Allowing a vendor to VPN into their device on our network.

I have a situation where we are trying to allow a vendor to VPN into their device on our network, which is physically connected to our firewall.  See the diagram attached. We've tried to create firewall policies to allow WAN 1 > Port 2 and Port 2 > WAN 1, but we're not seeing any traffic hitting those rules.  They are at the top of the policy list to make sure nothing interferes.  Fortigate is on OS 7.2.7Vendor_IPSec_VPN.png

 

The vendor is initiating the VPN from 208.228.181.145

The WAN 1 interface to our Fortigate is 56.91.24.130 /30

Port 2 on the Fortigate is configured with a public IP of 89.10.16.161 / 255.225.255.240

The device they are trying to reach we've given a public IP of 89.10.16.161

 

1) What are the Virtual IP(s) that need to be setup?

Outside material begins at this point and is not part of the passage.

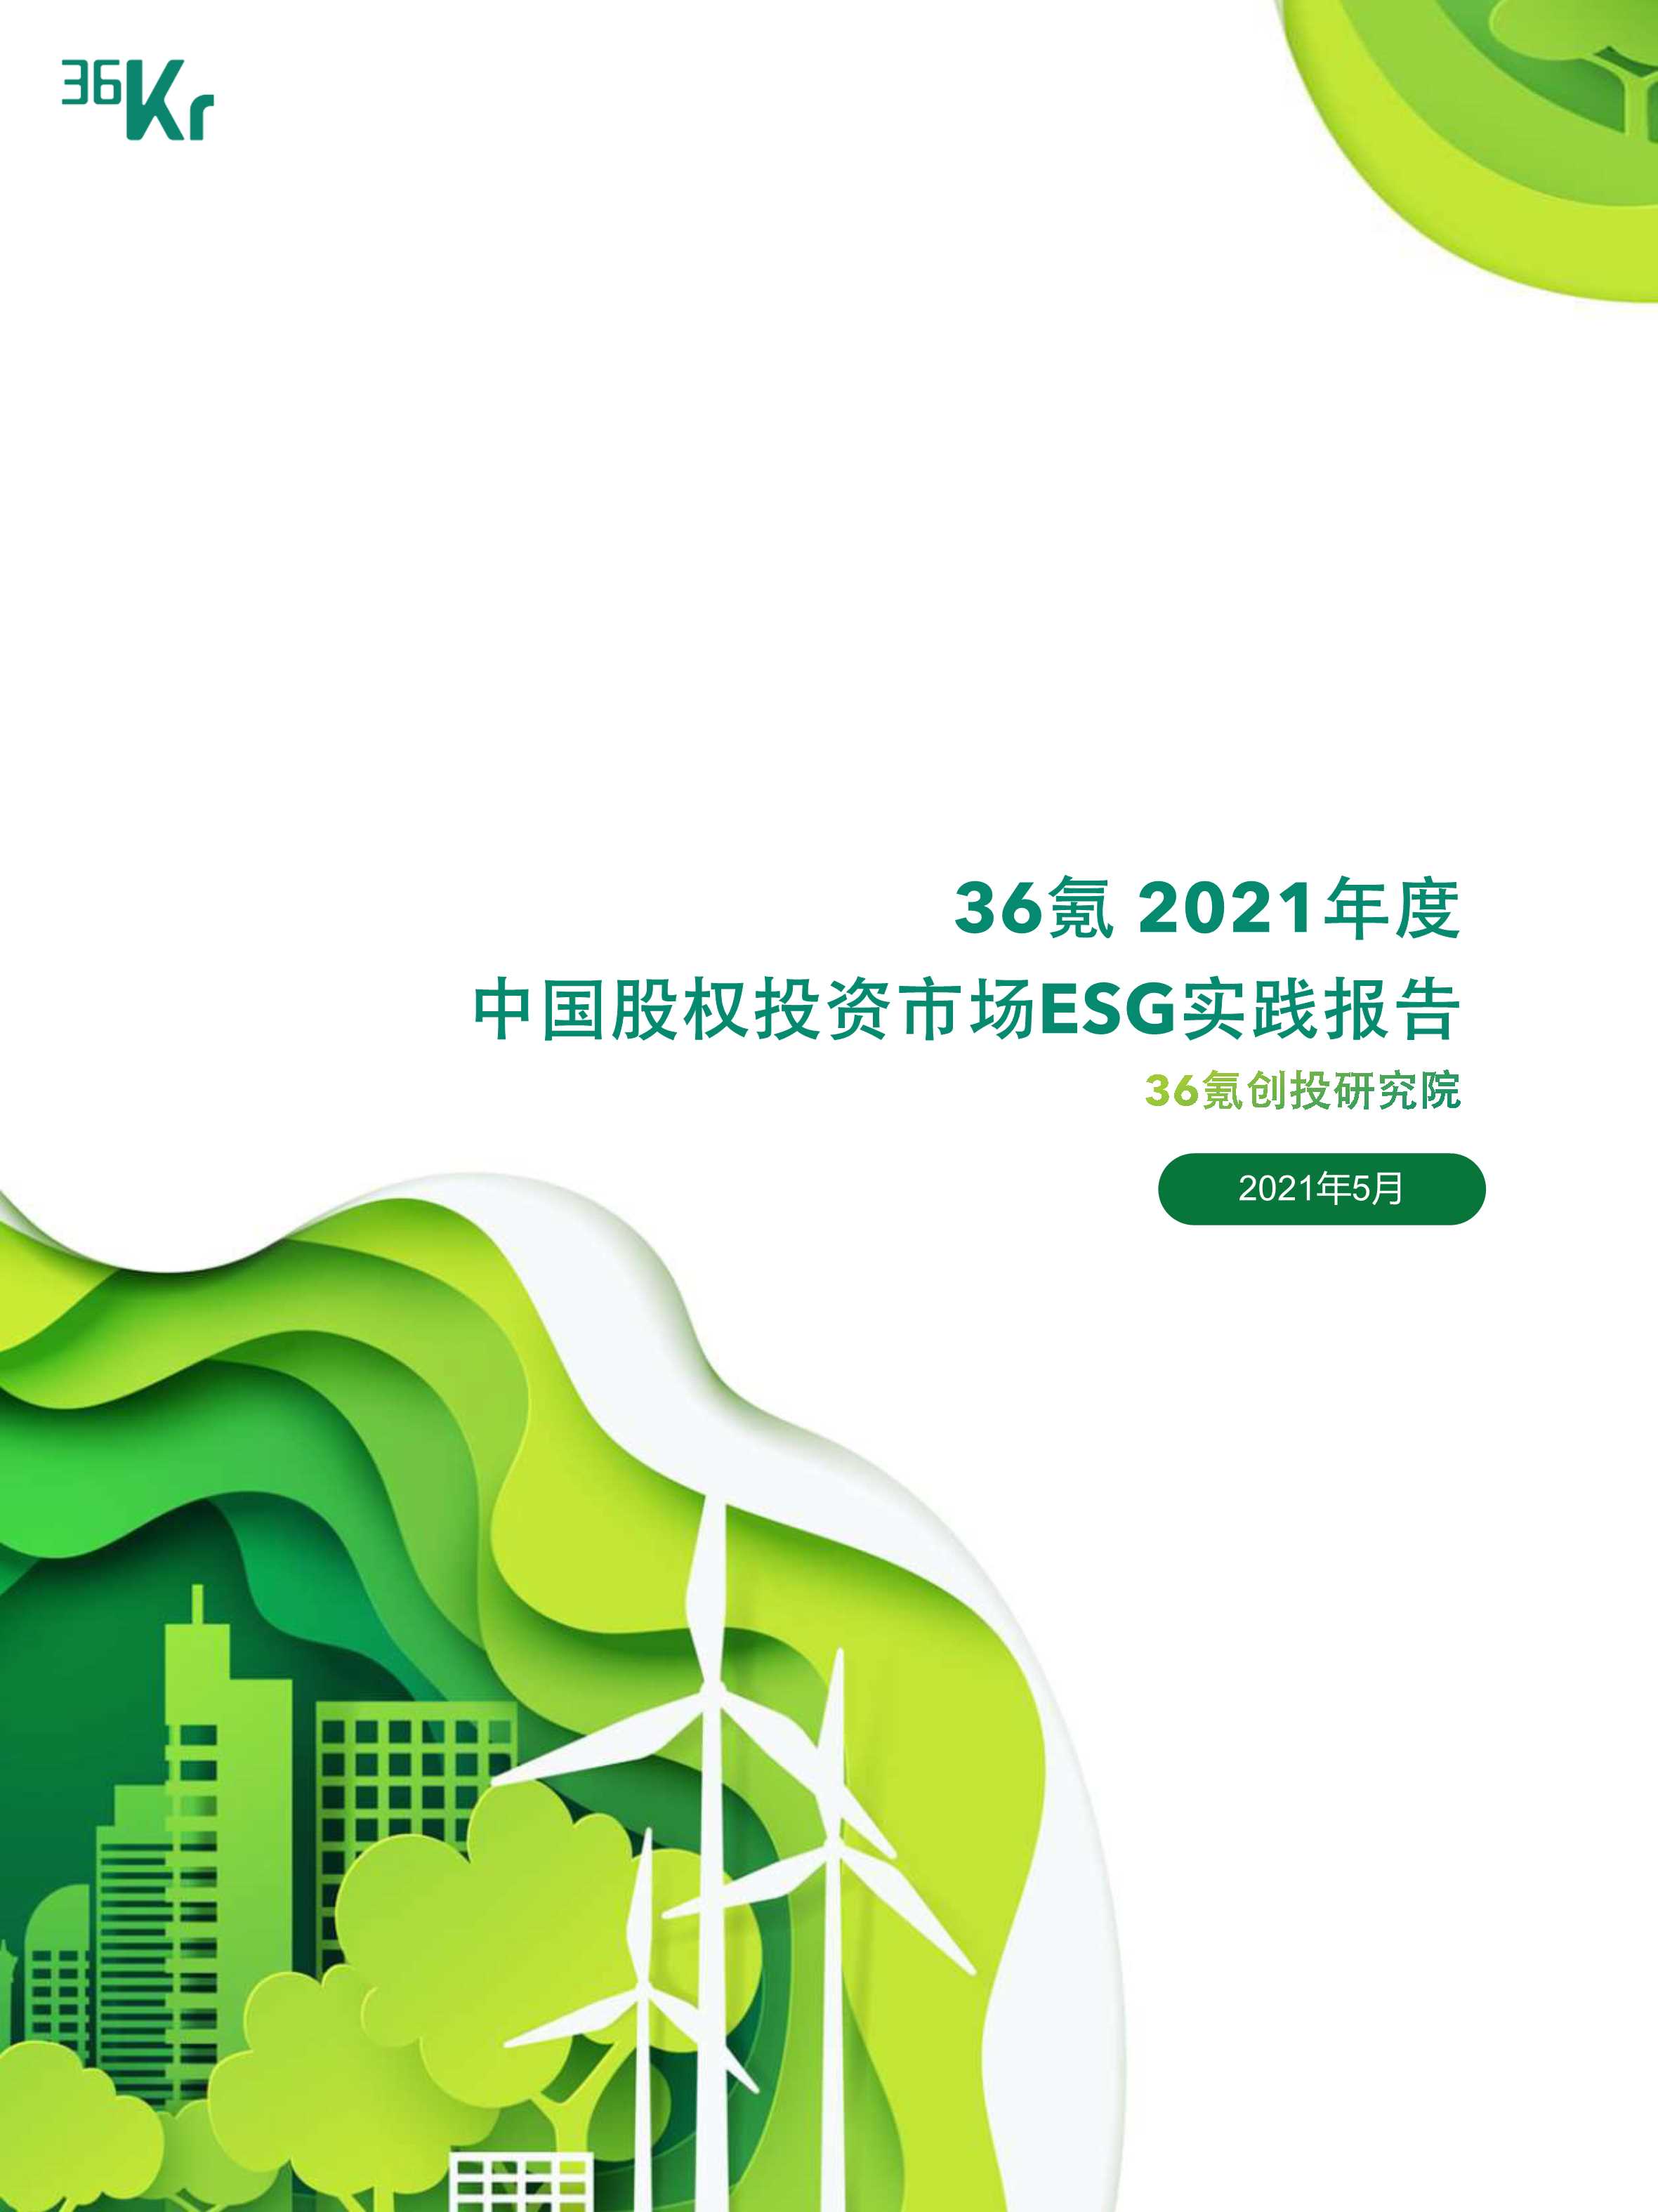 36氪-2021年度中国股权投资市场ESG实践报告-2021.05-29页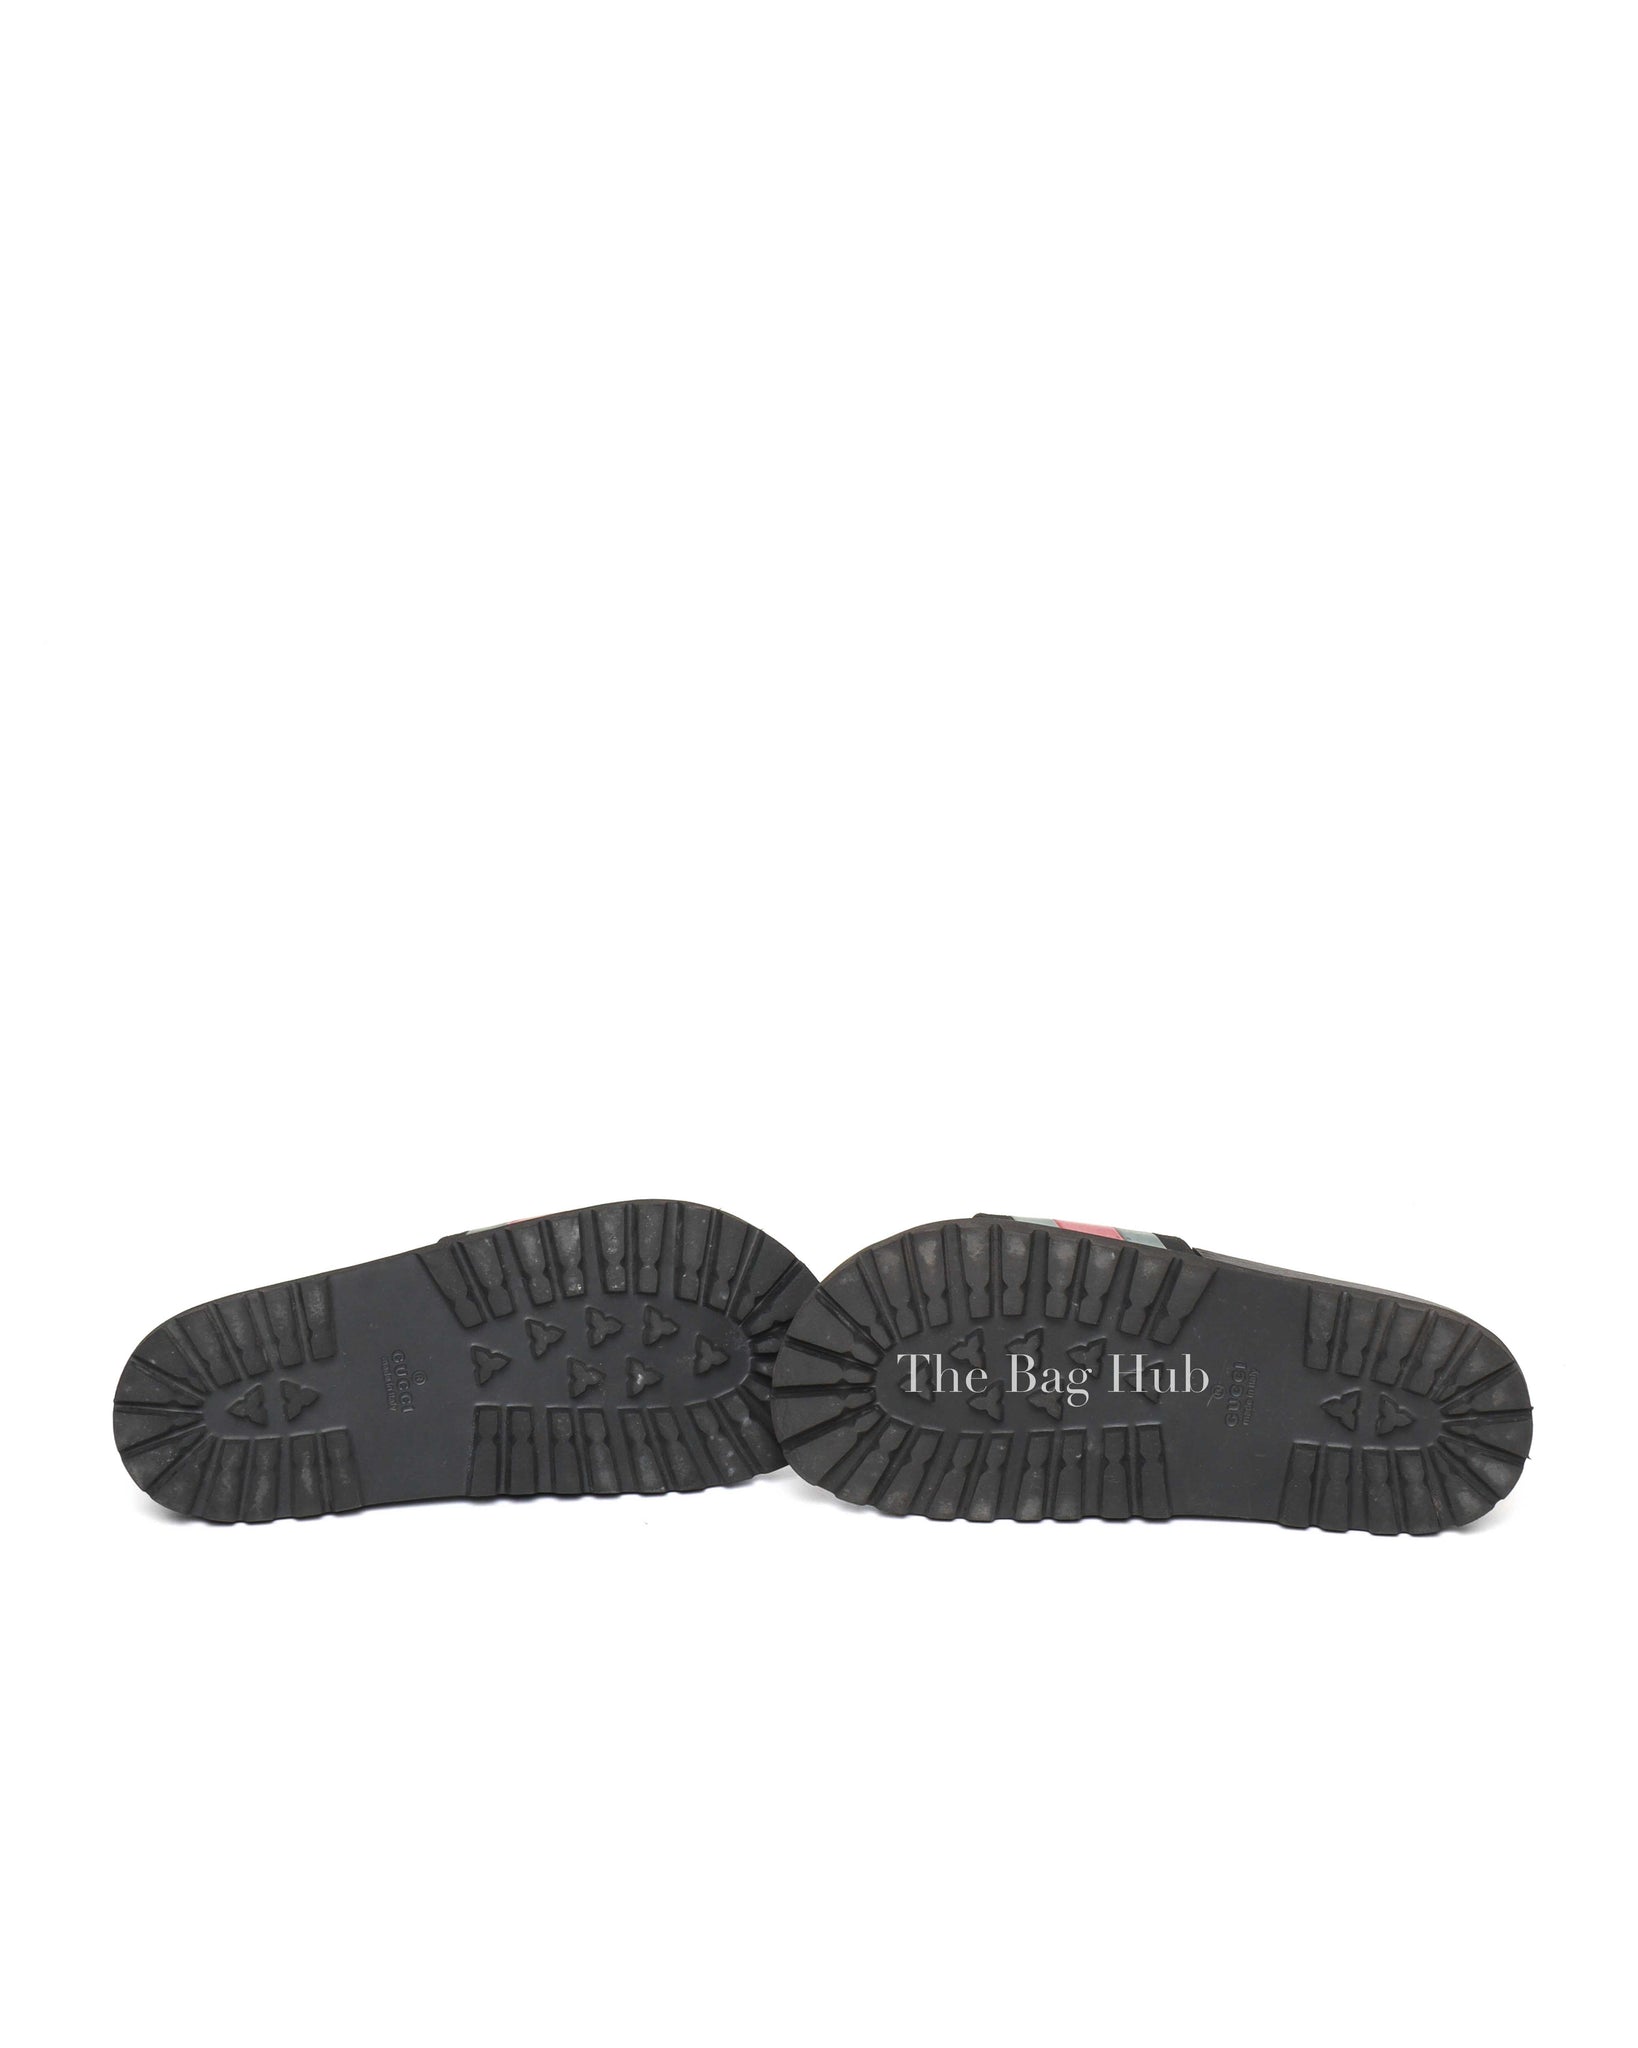 Gucci Black Web Accent Rubber Slide Sandals Size 7-7

2) What firewall policies are needed?

1 REPLY 1
Toshi_Esumi
SuperUser
SuperUser

 I think it's already open. At least I could ping 89.10.16.174 from my end (in the U.S.).
Since it's public IP on their device routed through your FGT without NAT, no VIP is needed.

[toshi_esumi@our_host]$ ping 89.10.16.174
PING 89.10.16.174 (89.10.16.174) 56(84) bytes of data.
64 bytes from 89.10.16.174: icmp_seq=1 ttl=234 time=176 ms
64 bytes from 89.10.16.174: icmp_seq=2 ttl=234 time=176 ms
64 bytes from 89.10.16.174: icmp_seq=3 ttl=234 time=176 ms
^C
--- 89.10.16.174 ping statistics ---
3 packets transmitted, 3 received, 0% packet loss, time 2003ms
rtt min/avg/max/mdev = 176.009/176.186/176.409/0.166 ms

Since it has a separate public IP, you can allow "ALL" services to the device IP. It's a Cisco VPN device, which should have own access-control mechanism to block other unauthorized access like my pinging.

Just sniff on the interface:port2 after disabling auto-asic-offload on those policies.